AI after dark

A data center does not sleep. It does not observe weather, or seasons, or the particular slant of light at four in the afternoon in November. It draws power at the same punishing rate at midnight as it does at noon. The newest ones, the ones built to train and run artificial intelligence, draw more of it than anything humans have built before.

Somewhere in that mismatch, between a machine that never stops and a sun that only shows up for half the day, sits the most consequential energy question of the decade.

Two numbers

In May 2025, China installed approximately 93 gigawatts of solar capacity. In a single month. That is more than the United States installed across the entirety of 2025, which came to about 43 gigawatts. By year’s end, China’s cumulative solar capacity had crossed 1.1 terawatts, the first country ever to cross that line, while America finished the year near 279 gigawatts. Do the division and China now holds roughly 4.7 times as much installed solar as the United States.

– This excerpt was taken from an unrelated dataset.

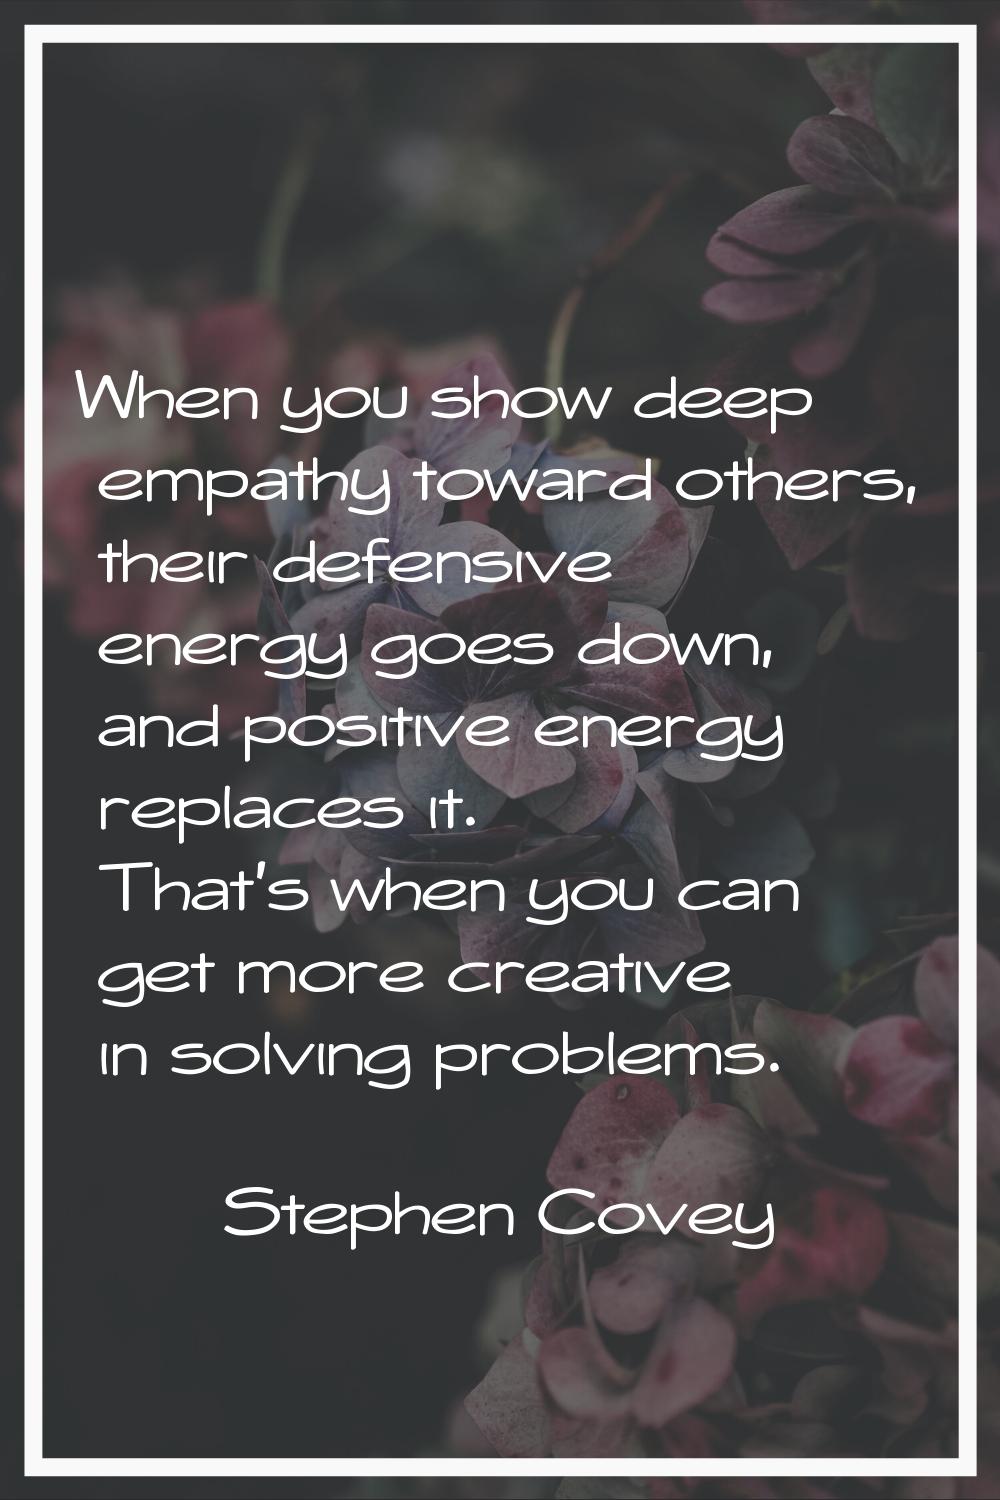 When you show deep empathy toward others, their defensive energy goes down, and positive energy rep

If capacity were the whole story, the piece would already be written, and the headline would read: China wins. But capacity is not the whole story. It is closer to a rumor of the story.

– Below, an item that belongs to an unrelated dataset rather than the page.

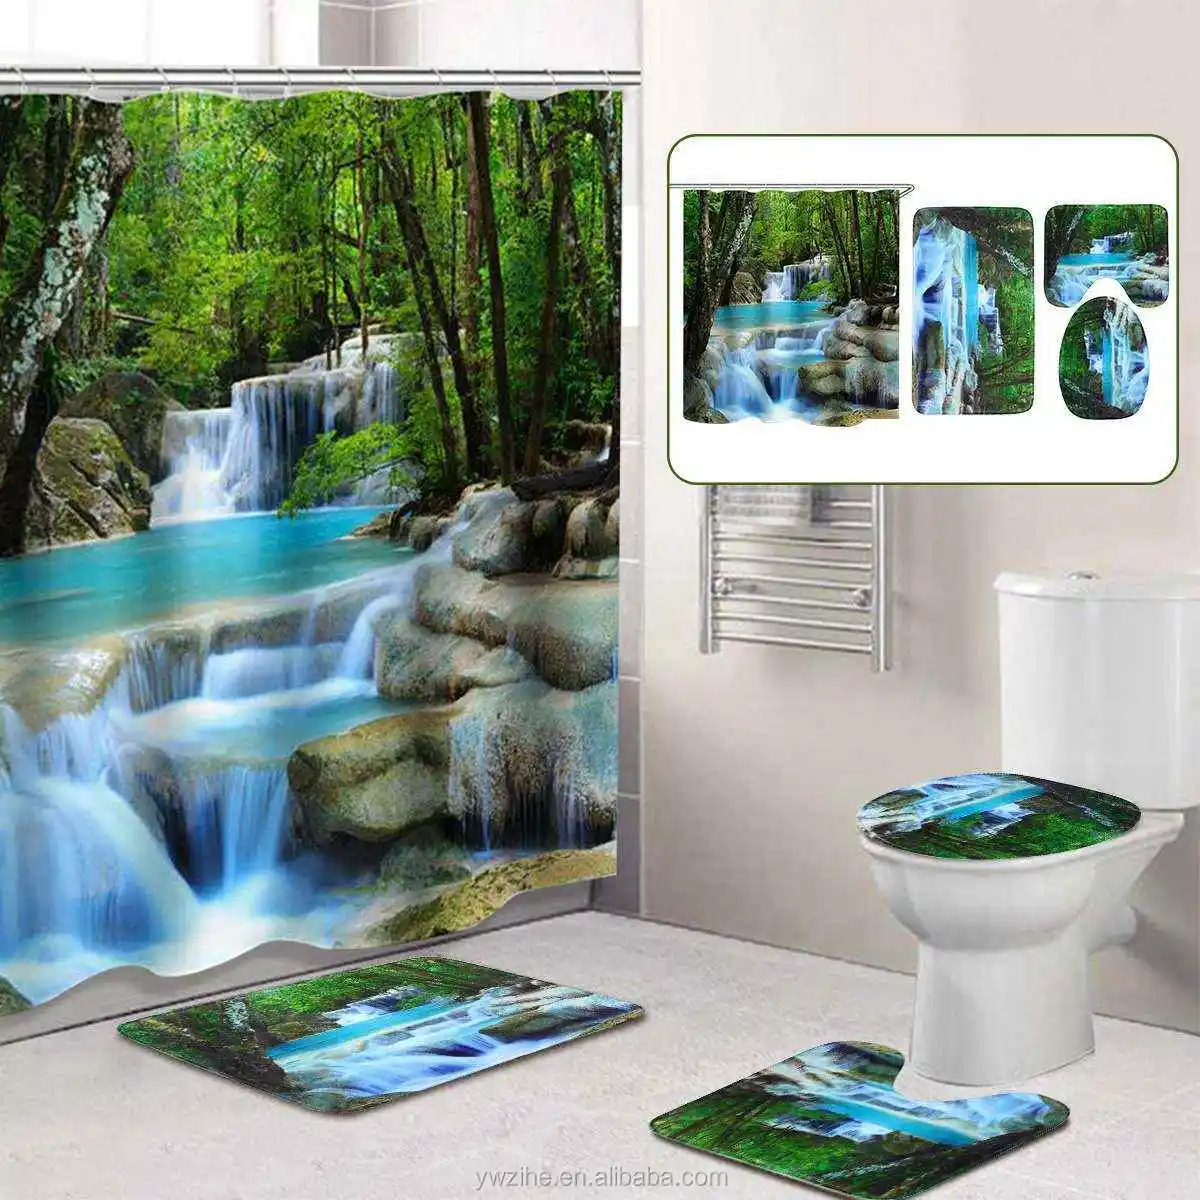 Green Forest Waterfall Bath Mat Toilet Cover Rugs Shower Curtain Bathroom Set

Here is the number that complicates the first one. Despite that fleet, roughly seventy percent of the electricity actually running Chinese AI data centers still comes from coal. China has installed more solar in the last twelve months than most countries have ever built, and its own machines for building intelligence still run mostly on the fuel they always have.

The real question, the one that should organize any serious comparison, is whether either country can convert an intermittent, weather-dependent, daylight-only resource into something a data center can actually run on, hour after hour, regardless of cloud cover or time zone. Solar panels generate electricity. AI infrastructure needs reliability. Those are not the same commodity, and the gap between them is where this story lives.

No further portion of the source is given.